--- GOAL OF THE EXERCISE ---
Drop every picture and copy exactly the lines from the one with "Arredare casa in" through the last line of the listing below.

--- COLLECTED DATA ---
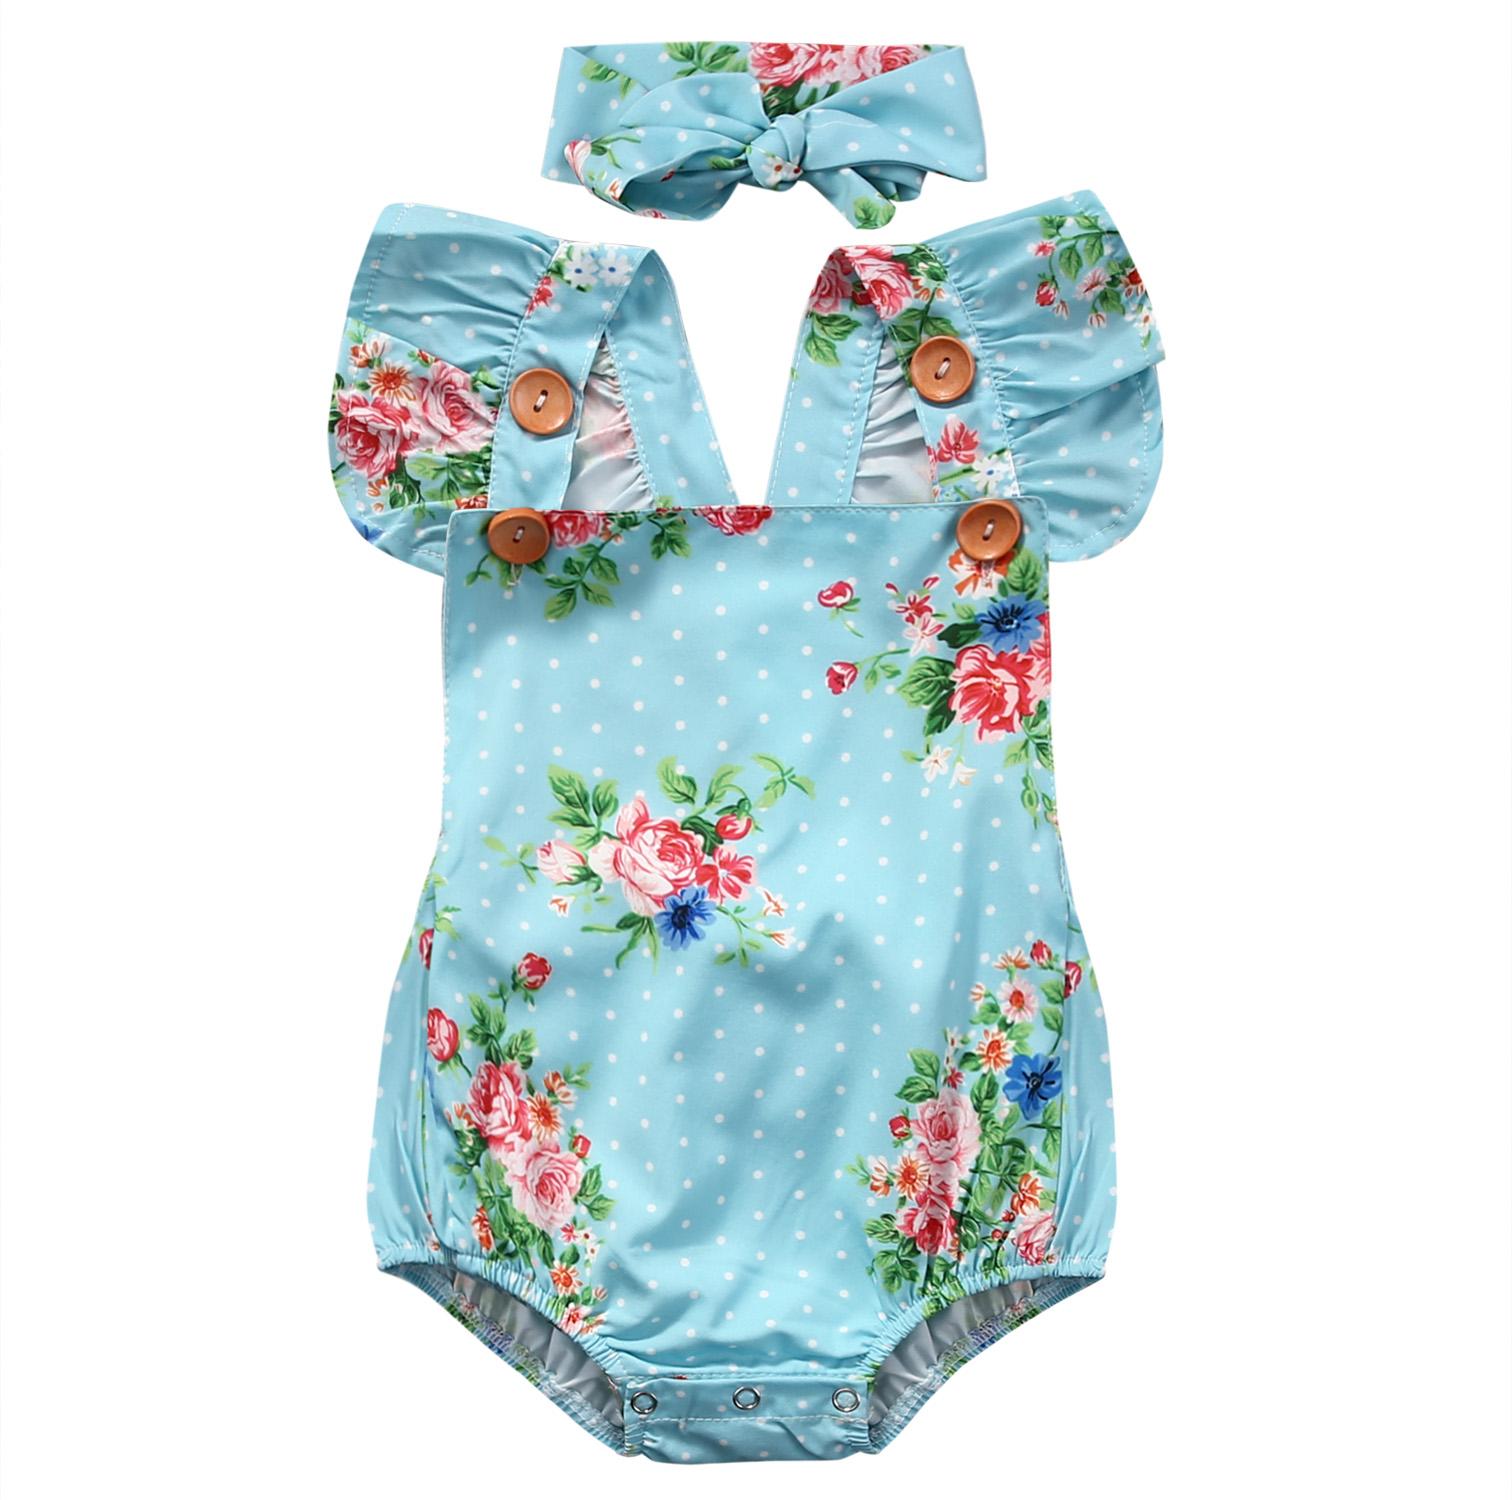 Unisex Baby Love Fire Department Crest Jumpsuit Cotton Romper Long-Sleeve Bodysuit One-Piece Suit
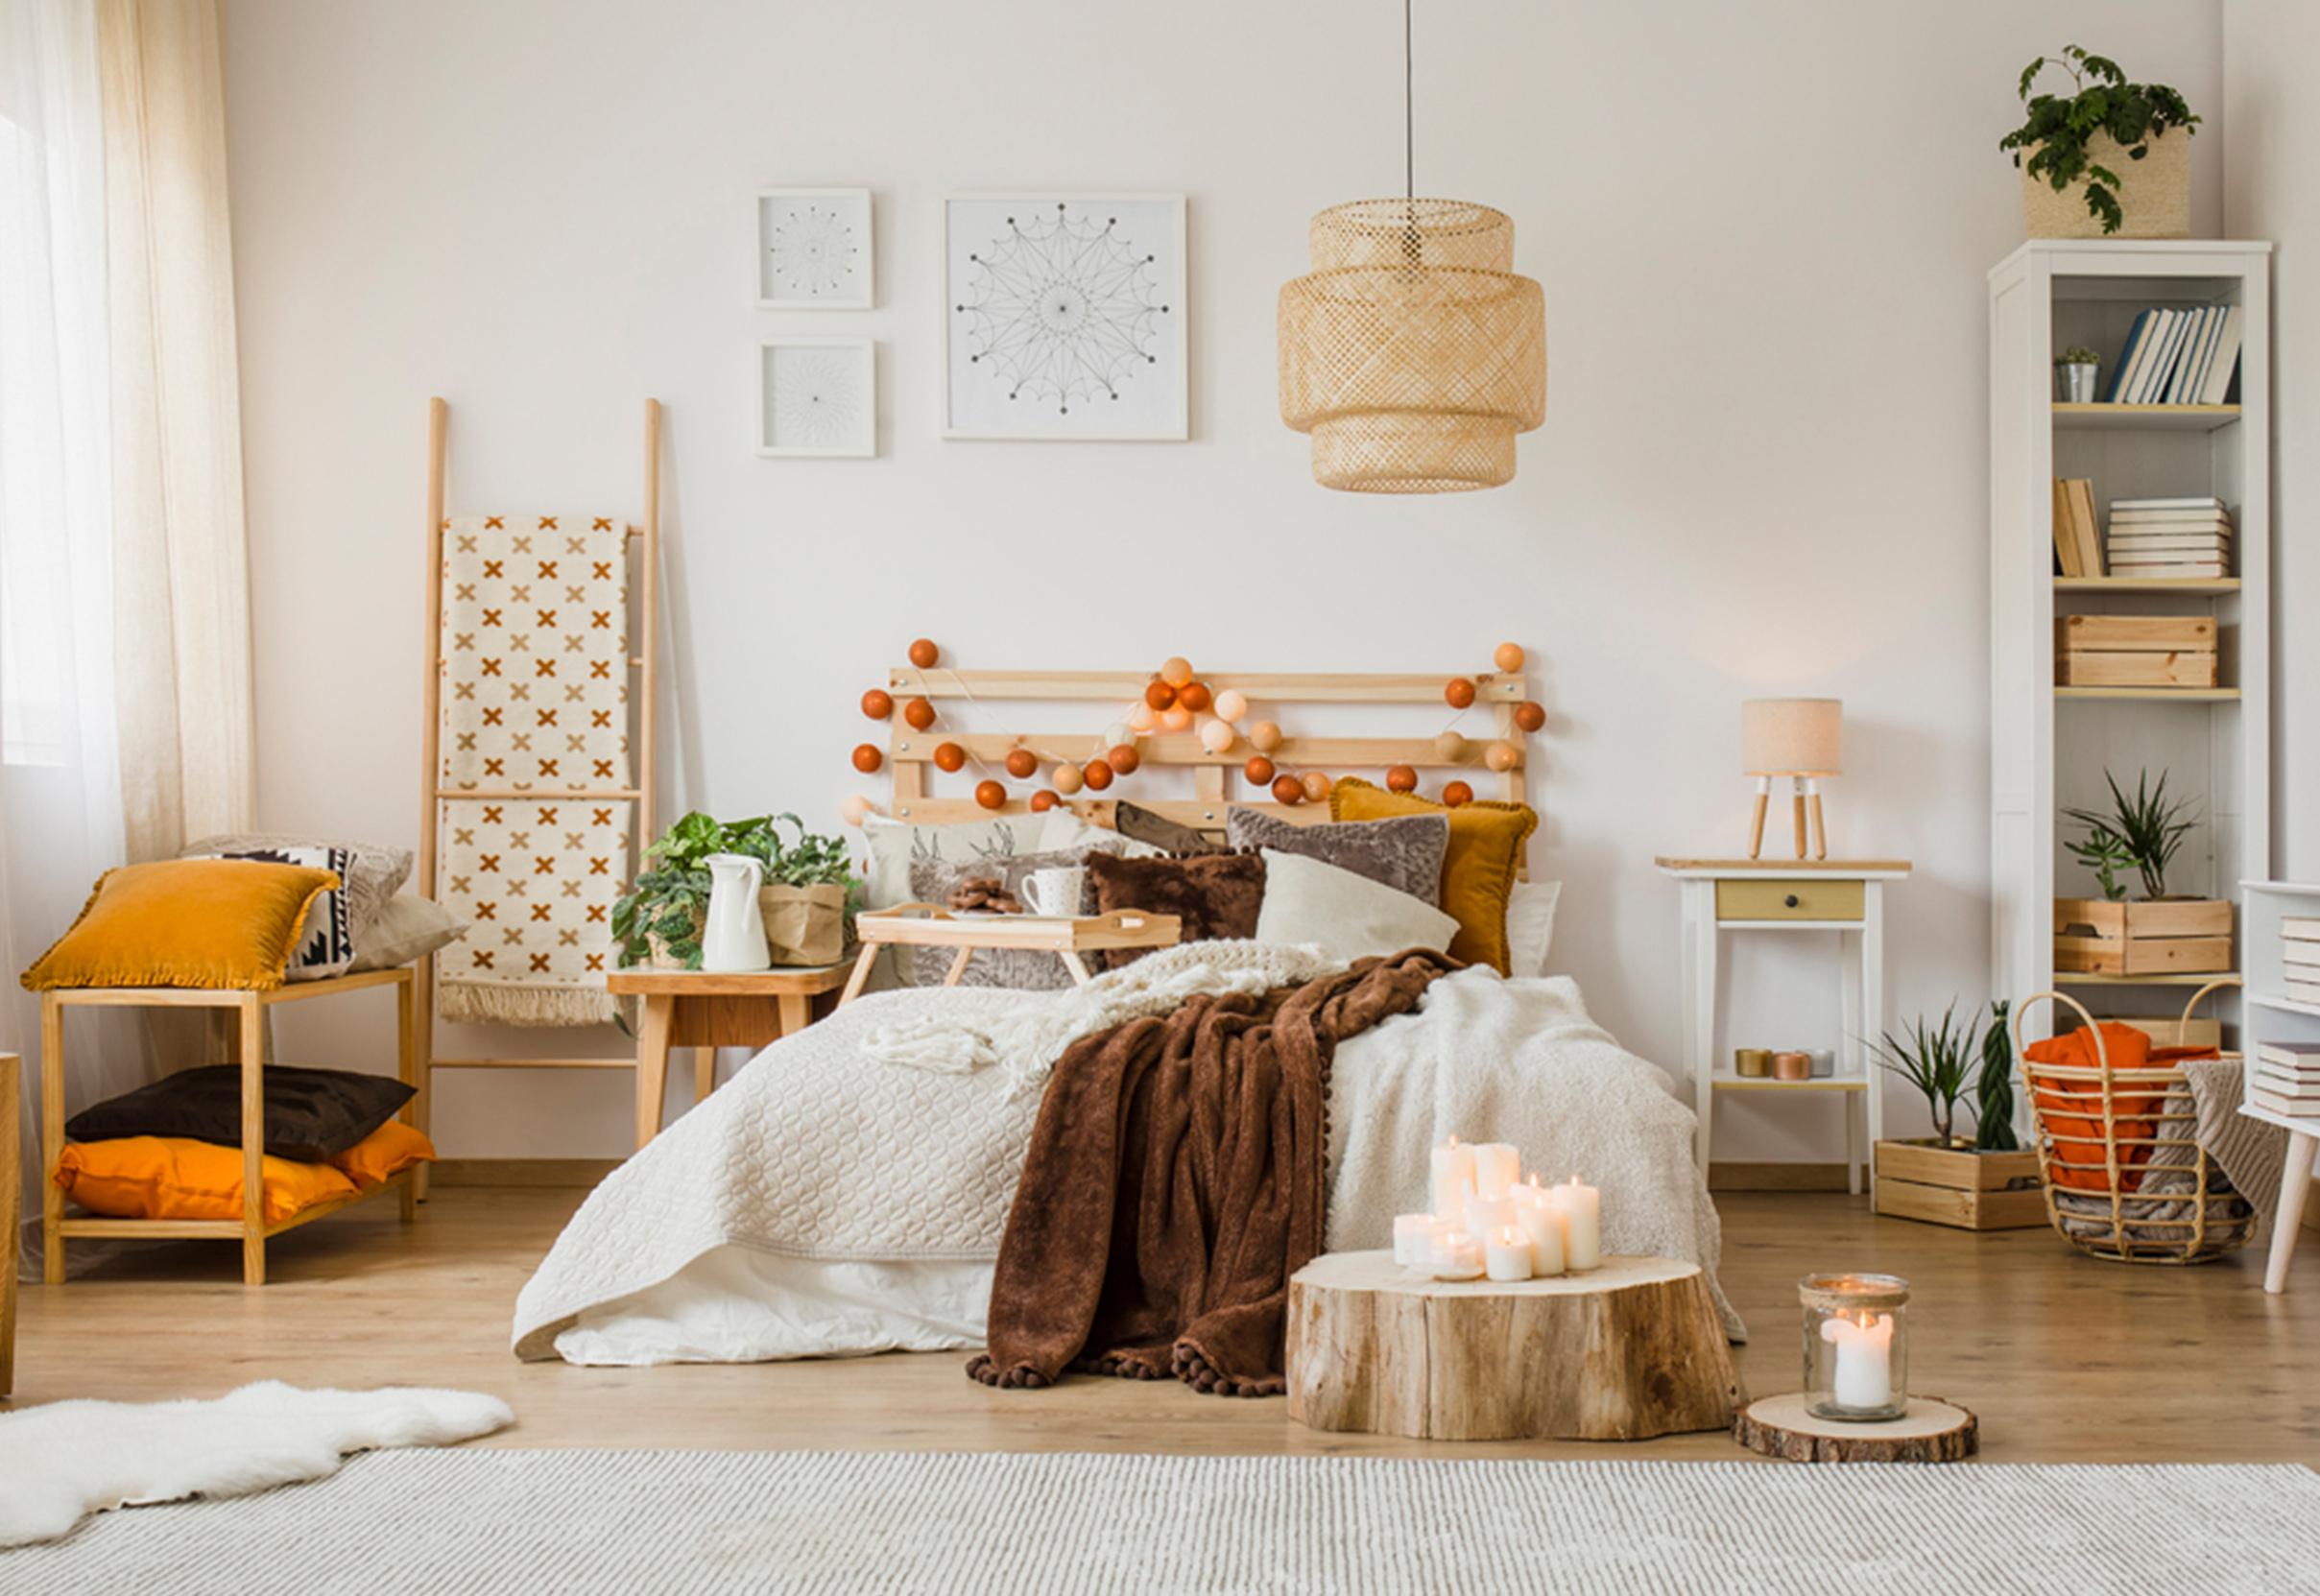 Arredare casa in autunno consigli creativi key immobiliare - Consigli arredare casa ...
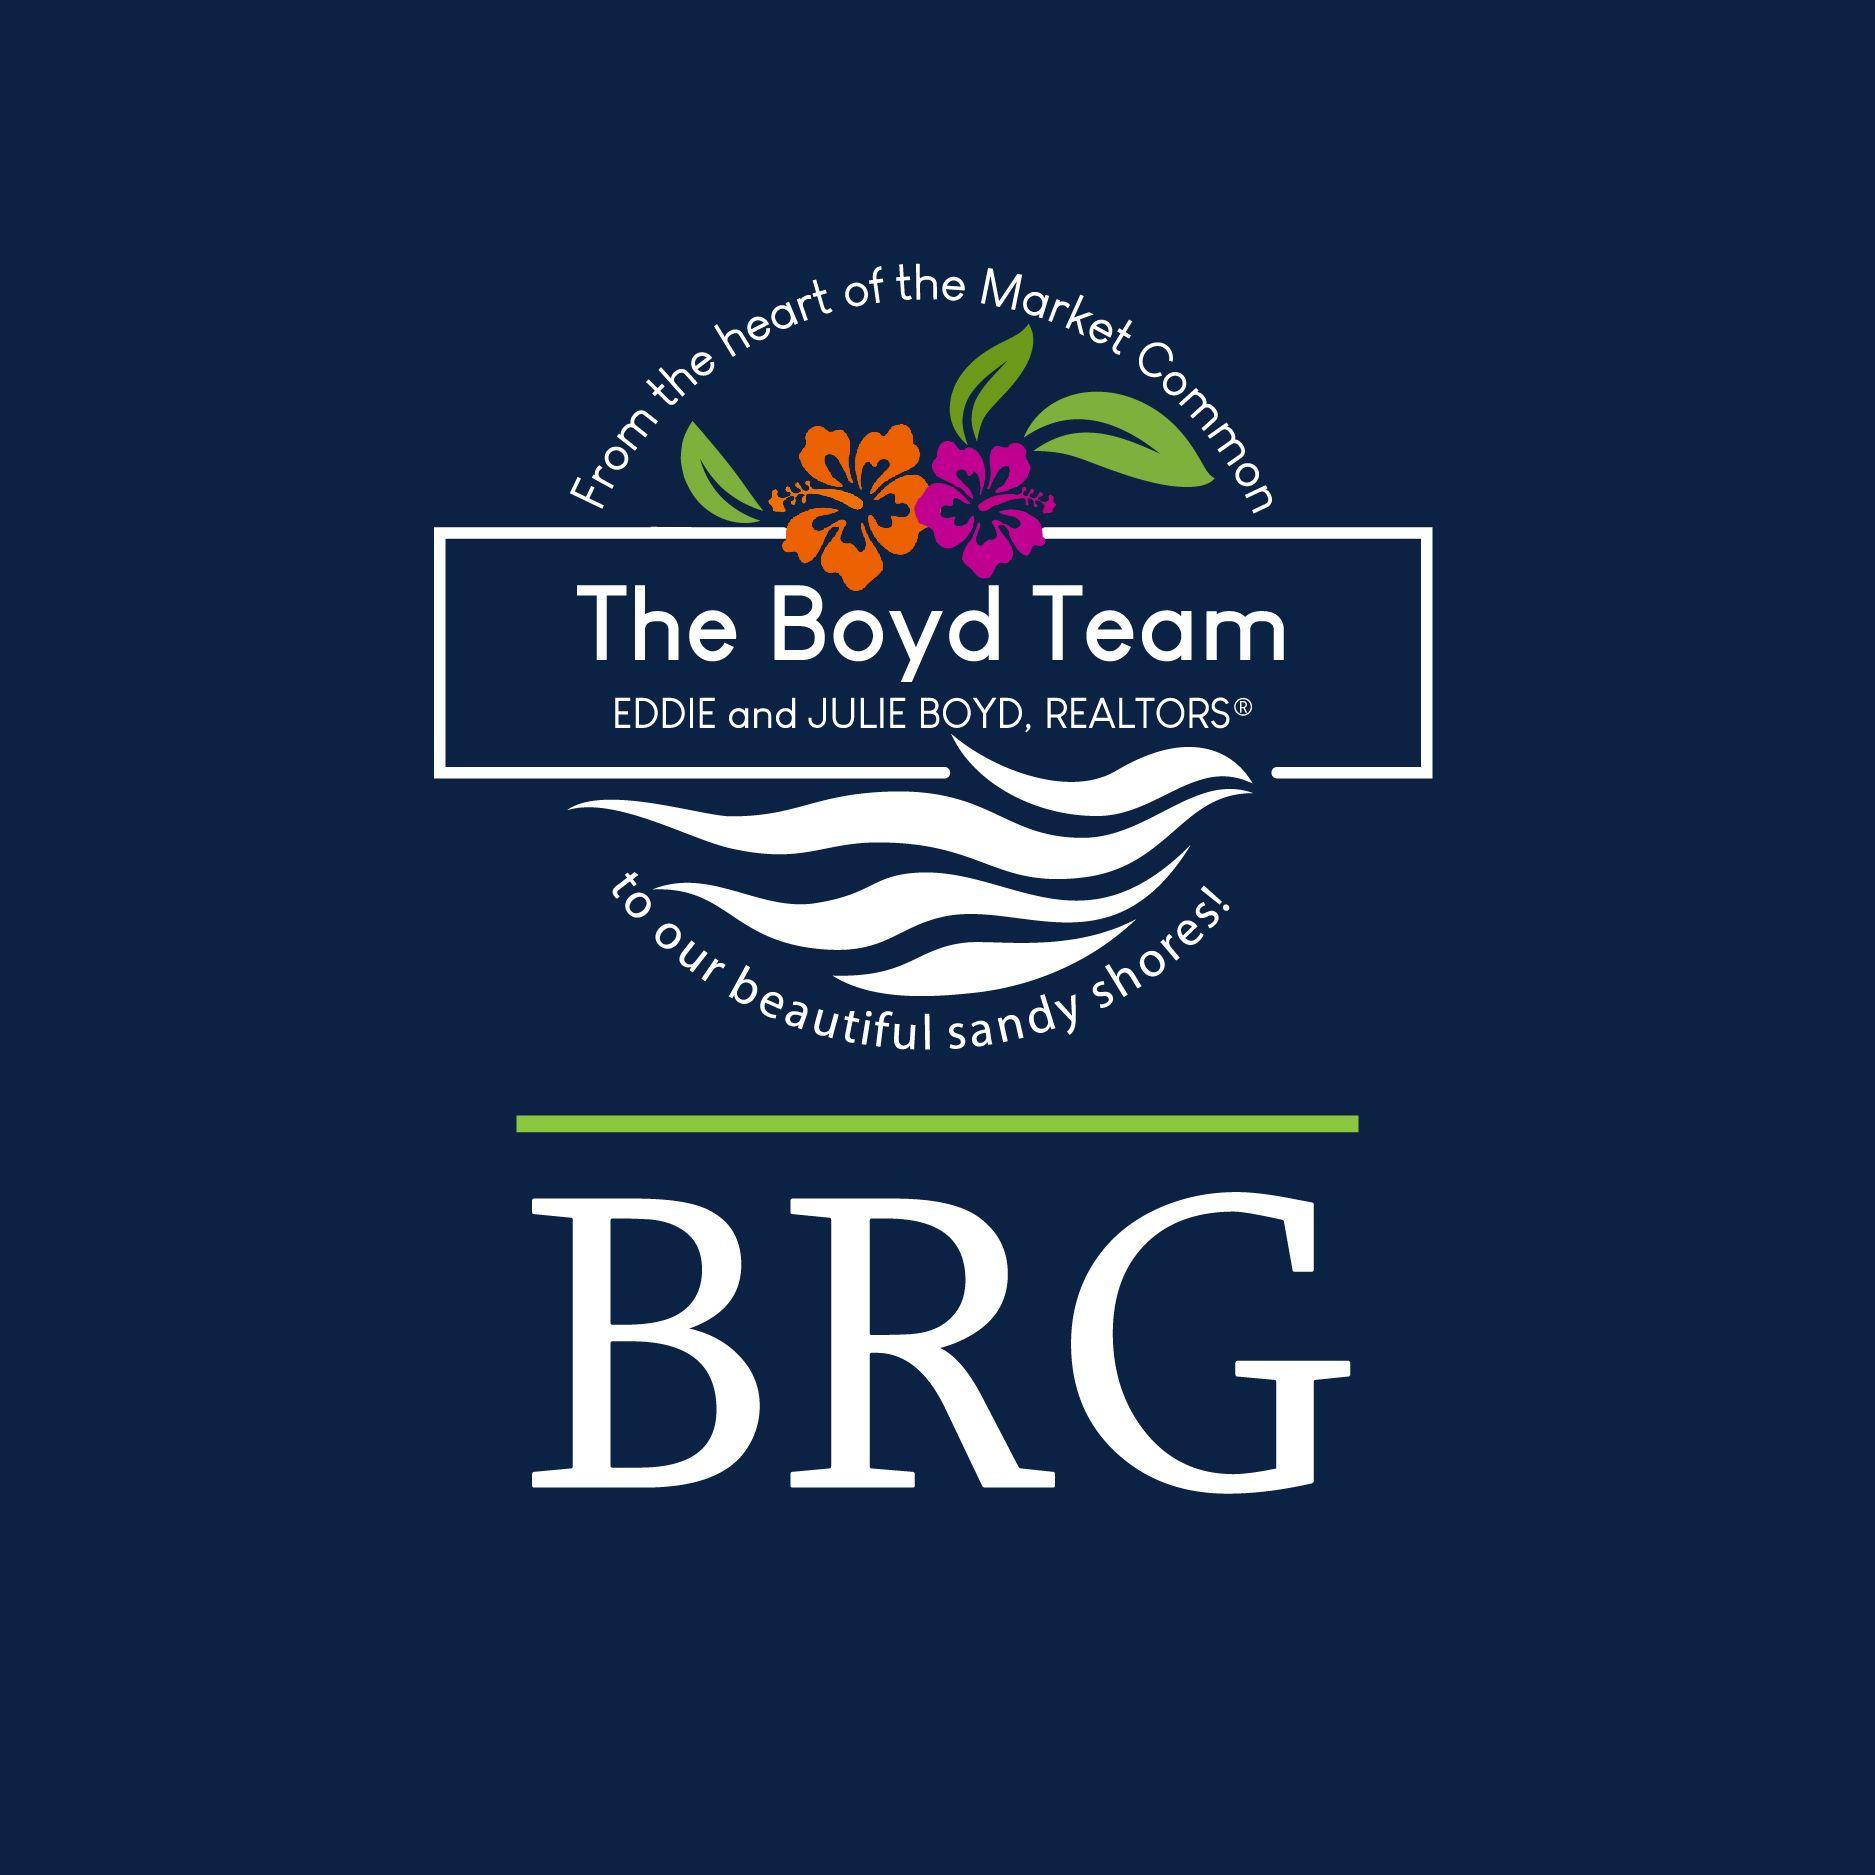 Https Search Boydteam Com In 2020 North Myrtle Beach Myrtle

--- ANSWER FOR THE TASK ---
 Arredare casa in autunno consigli creativi key immobiliare - Consigli arredare casa ...
 Https Search Boydteam Com In 2020 North Myrtle Beach Myrtle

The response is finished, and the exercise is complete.